Work began on a storage building, for storing crops and other things. We already had framework and a concrete slab there, so this week the guys have been busy putting on the roof and building the walls. All of this is right outside my bedroom window and these guys carry on all day! Thankfully I am up by the time they get here!

We also have guys here re-doing all of our solar and adding solar to other buildings. It’s been a busy week!

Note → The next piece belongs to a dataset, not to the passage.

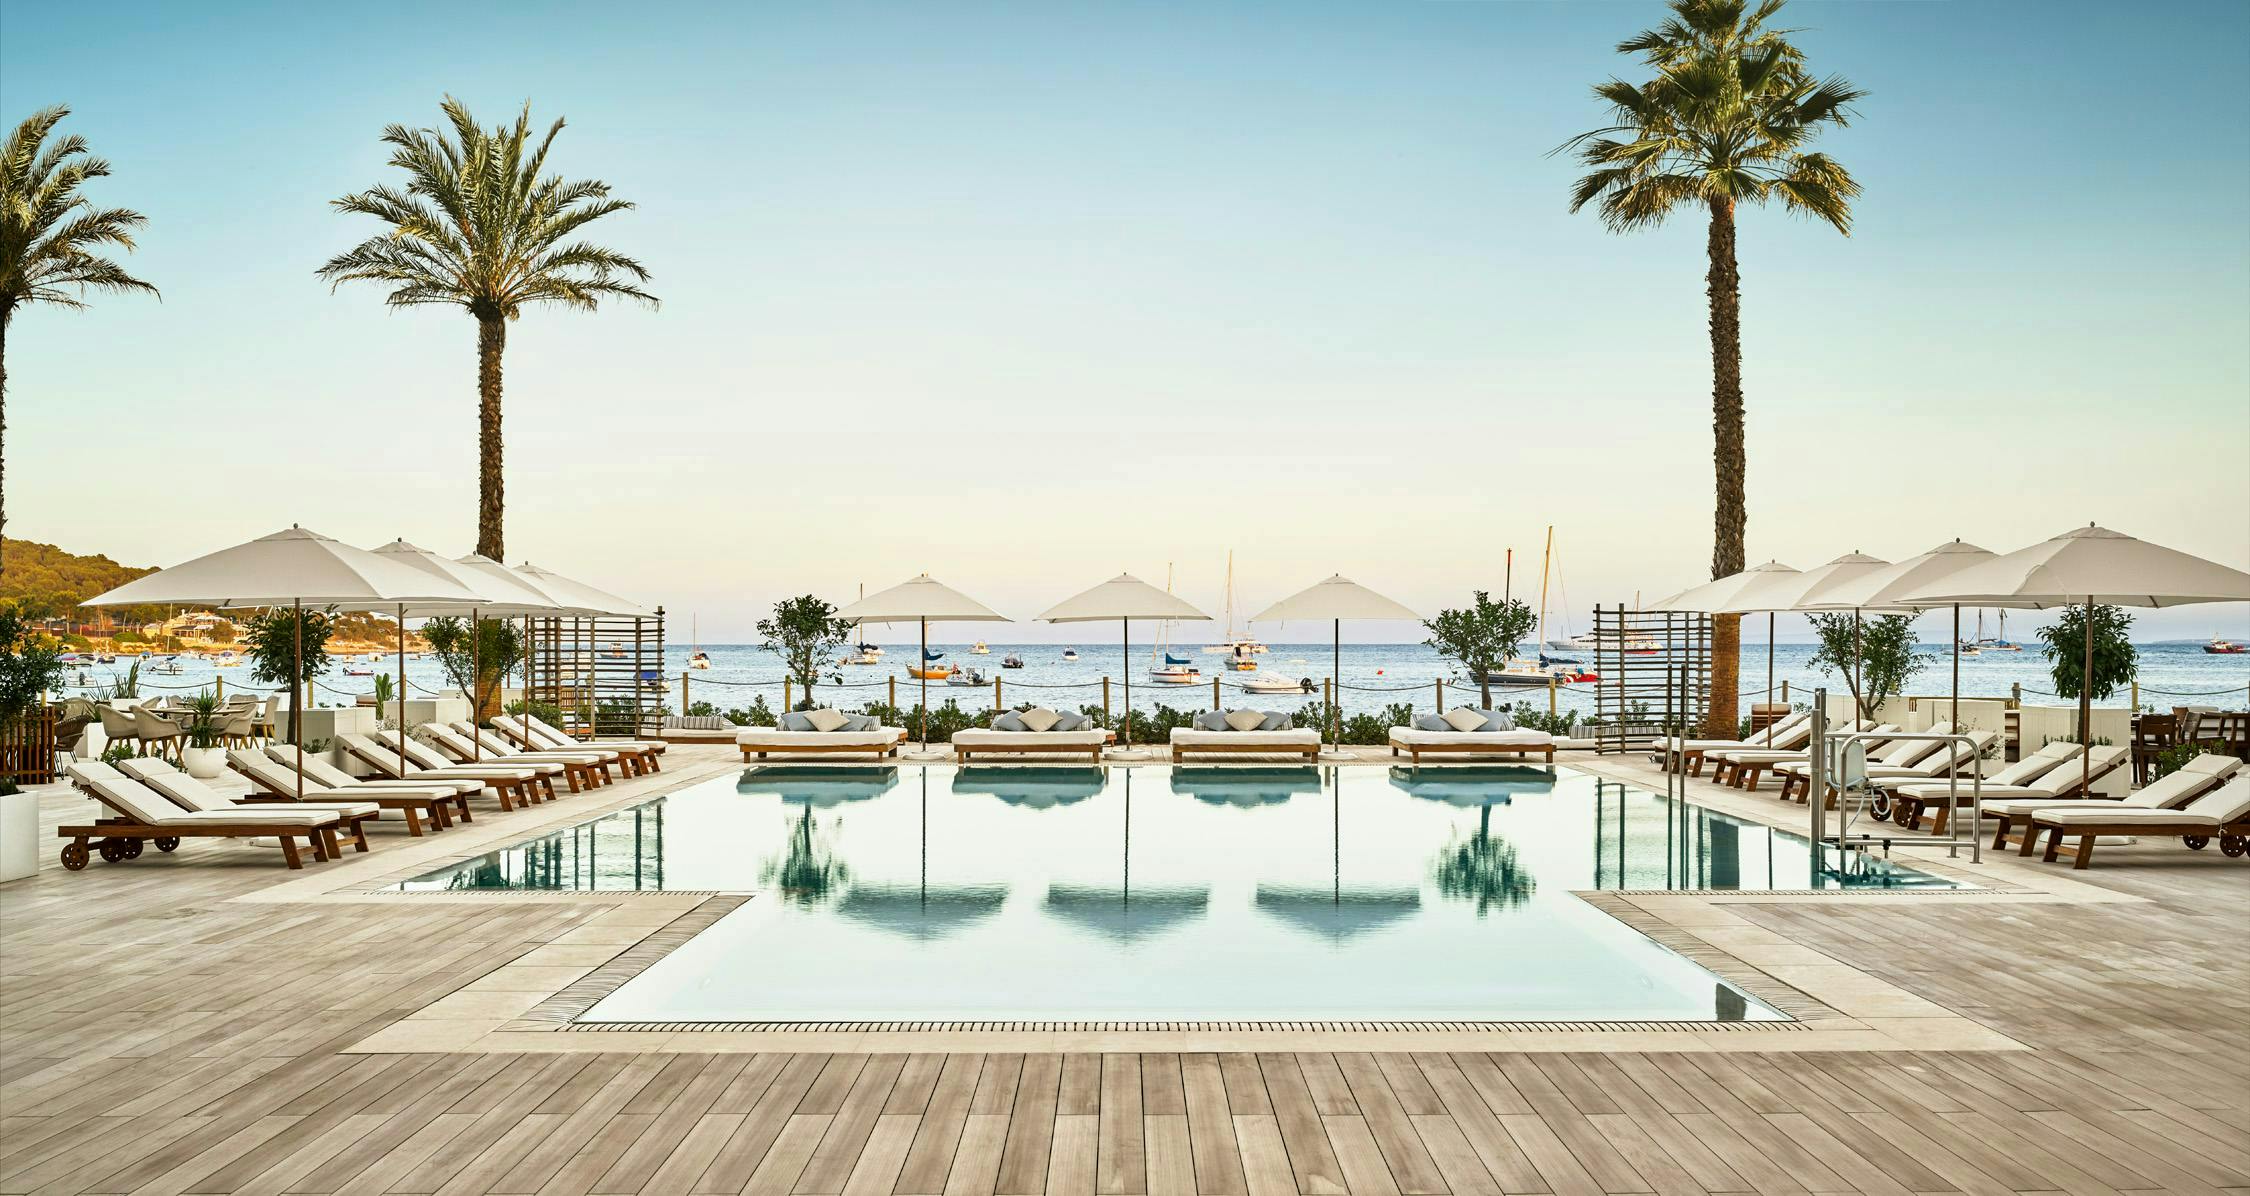 pool water hotel building resort palm tree plant arecaceae tree swimming pool

And You Think Your Healthcare Is Bad

We had been here about a month and Christian and I got pretty sick. Stomach and head, and just felt like we got hit by a mac truck. All of our international friends convinced us after a week of this to go to a Doctor. The moment I had dreaded and prayed we wouldn’t have to do after hearing all the nightmare stories of hospitals and clinics here. So we went to a clinic we were told was the better of clinics. It was dirty, we were put in an office that had exposed framing with empty soda bottles sitting on 2×4’s. There was a desk and an exam table and barely room for two chairs. The exam table had no sterile paper on top, just ripped up vinyl with the stuffing exposed. Now, I am known to freak out over germs – real germs or the ones that I make up in my mind, but I was so sick by this point that I started laying over to stretch out all the while my husband was saying “Don’t do it”! I couldn’t help it, I didn’t have the strength to sit up while waiting on lab work to come back. Lab work – blood drawn and sample taken and someone on a bicycle took it to a lab somewhere. Finally, after what seemed like forever, the results came back. My and Christians blood tests came out almost exactly the same but the “Dr” said he wasn’t sick but I was dehydrated and and HPelori. But why did we have the same symptoms? He didn’t know but Christian was definitely not sick. Hmmm. So I was hooked up to IV’s – medicine and fluids for dehydration, which was terrifying in itself. After about 3 hours of this visit we were finally given a diagnosis of the flu (which our Dr in America confirmed after emailing him the blood test results. He also told me that the “treatment” give for the HPelori was not really the correct treatment) I was told to come back in the morning and get more IV’s, which I did. Then we were given about 3 antibiotics and antacid liquid because I was told all my stomach pain was from ulcers. I’m pretty sure I was not having stomach pain, just a little diarrhea from the flu. It was not an experience I wanted to repeat.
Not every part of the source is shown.